What the exercise asks >>
The listing below should be printed again word for word, without any images.

Exercise data >>
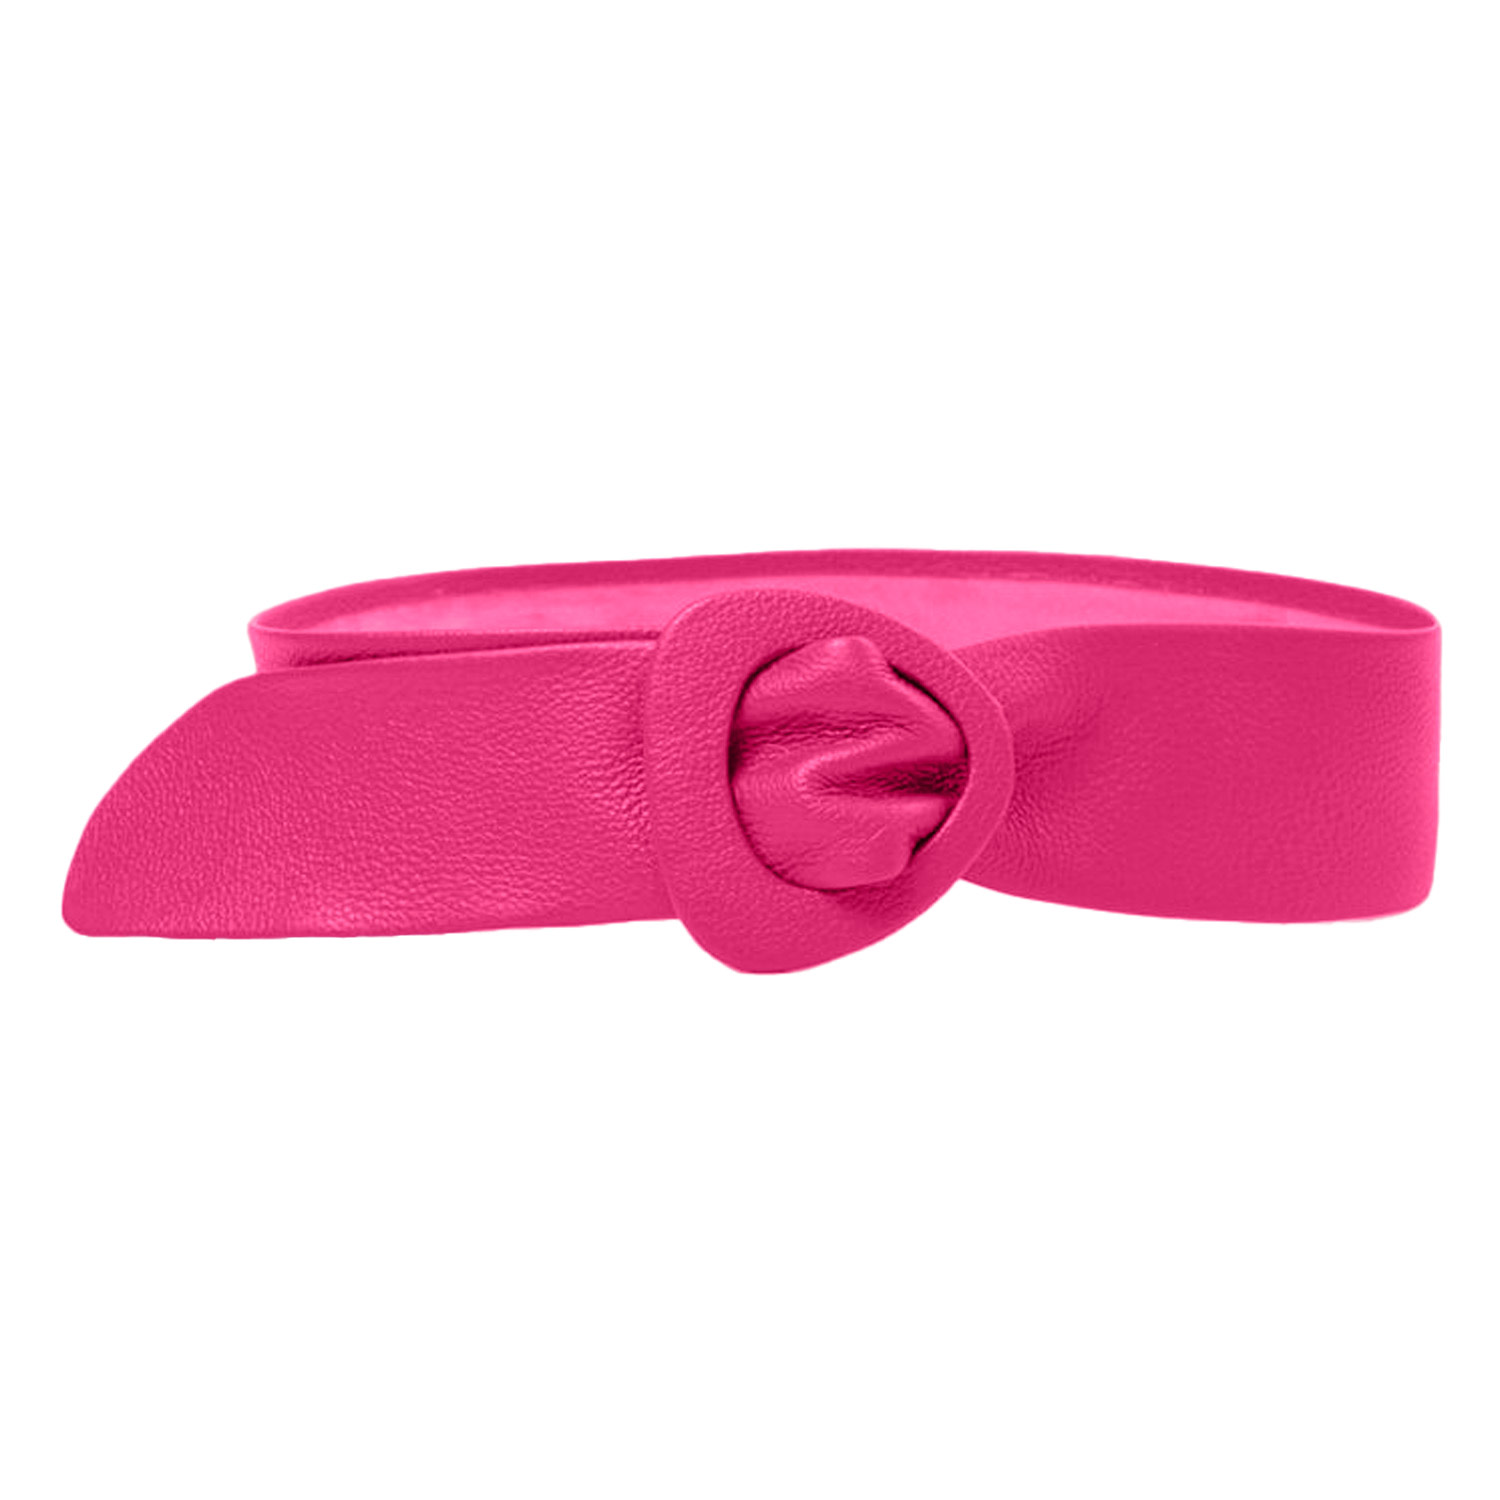 Beltbe Wide Triangle Buckle Belt In Pink
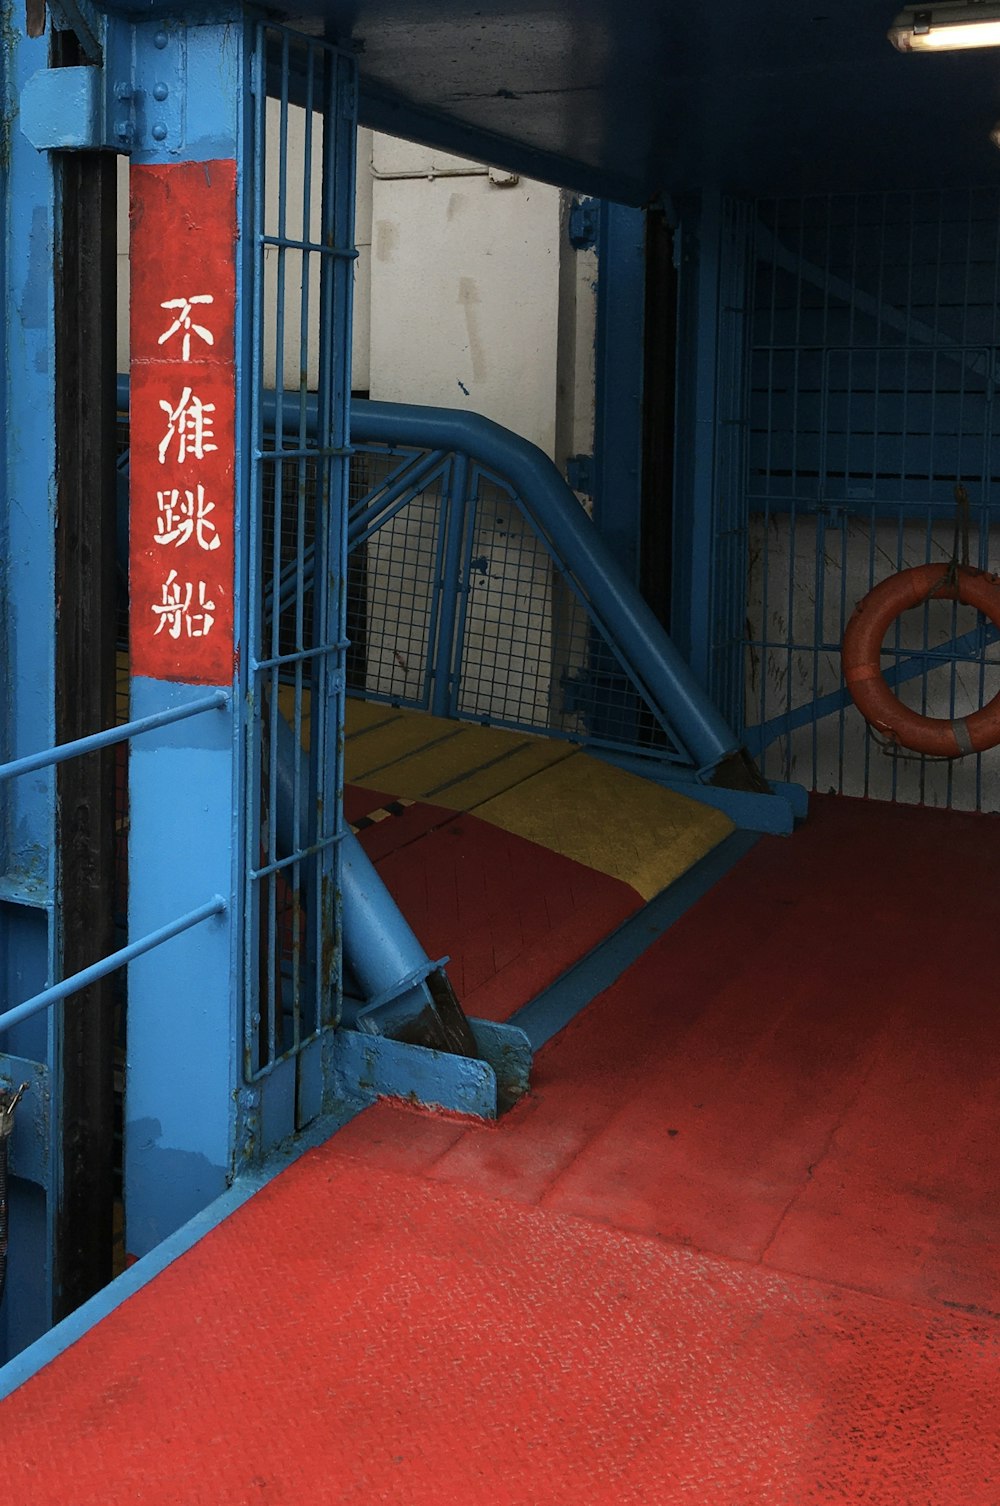 Escalera de metal azul sobre piso rojo
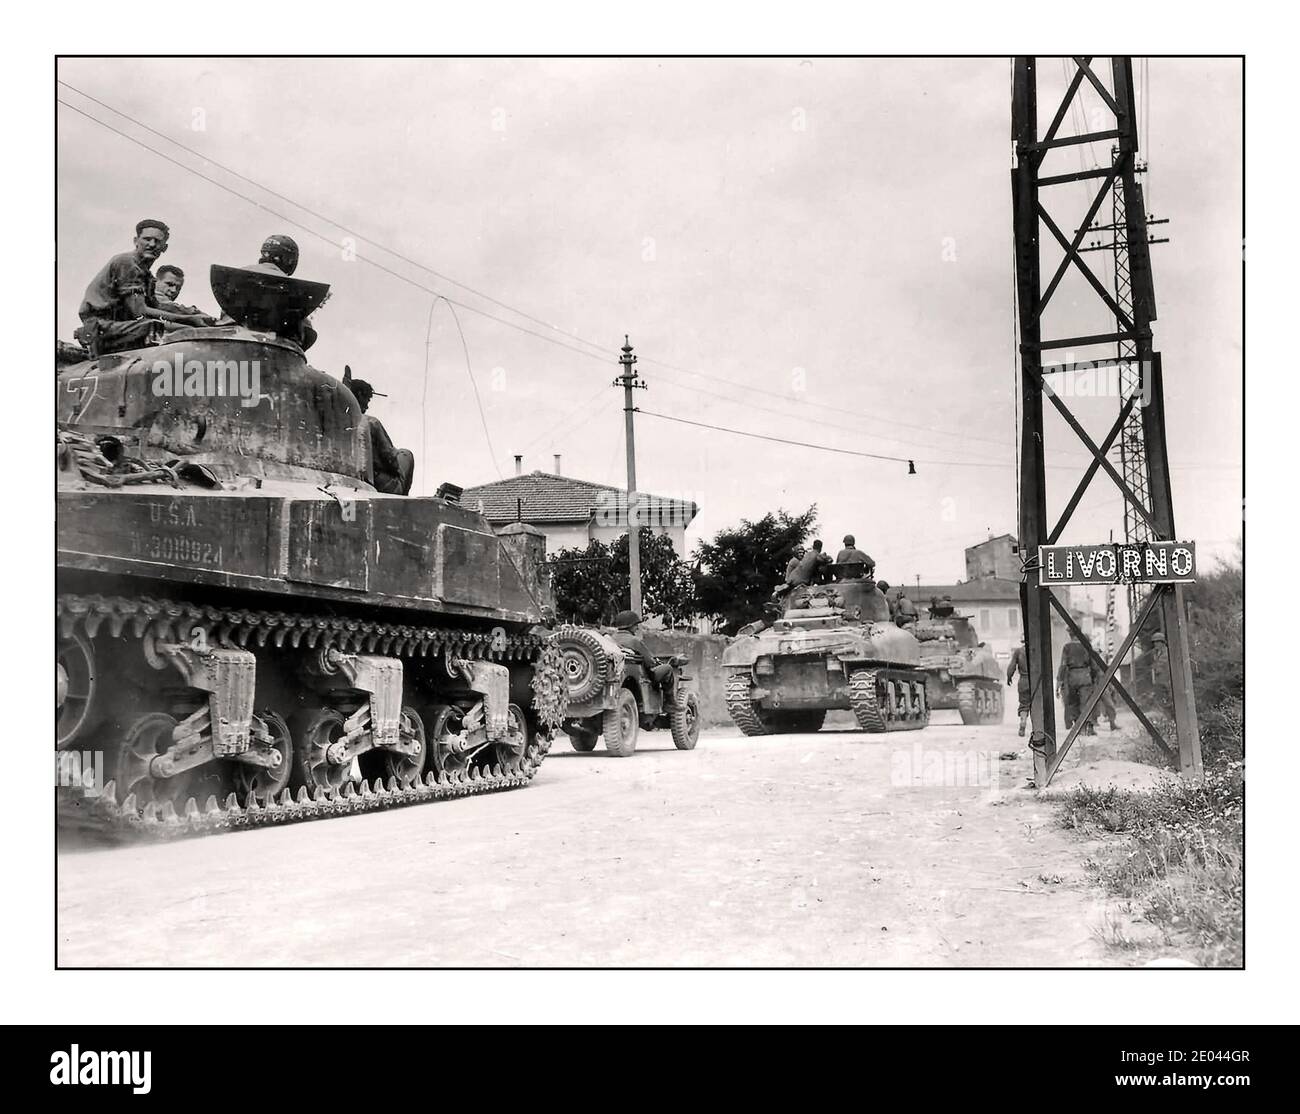 LIVOURNE WW2 Anzio 34e Division d'infanterie. M4 Sherman chars et Jeep entrant à Livourne Italie 1944 Seconde Guerre mondiale Seconde Guerre mondiale la bataille d'Anzio était une bataille de la campagne italienne de la Seconde Guerre mondiale qui a eu lieu du 22 janvier 1944 (à commencer par le débarquement amphibie allié connu sous le nom d'opération Shingle) au 5 juin, 1944 (se terminant par la capture de Rome). L'opération a été contrée sans succès par les forces allemandes dans la région d'Anzio et de Nettuno. Banque D'Images

Exercise result >>
 Beltbe Wide Triangle Buckle Belt In Pink
 Escalera de metal azul sobre piso rojo
 LIVOURNE WW2 Anzio 34e Division d'infanterie. M4 Sherman chars et Jeep entrant à Livourne Italie 1944 Seconde Guerre mondiale Seconde Guerre mondiale la bataille d'Anzio était une bataille de la campagne italienne de la Seconde Guerre mondiale qui a eu lieu du 22 janvier 1944 (à commencer par le débarquement amphibie allié connu sous le nom d'opération Shingle) au 5 juin, 1944 (se terminant par la capture de Rome). L'opération a été contrée sans succès par les forces allemandes dans la région d'Anzio et de Nettuno. Banque D'Images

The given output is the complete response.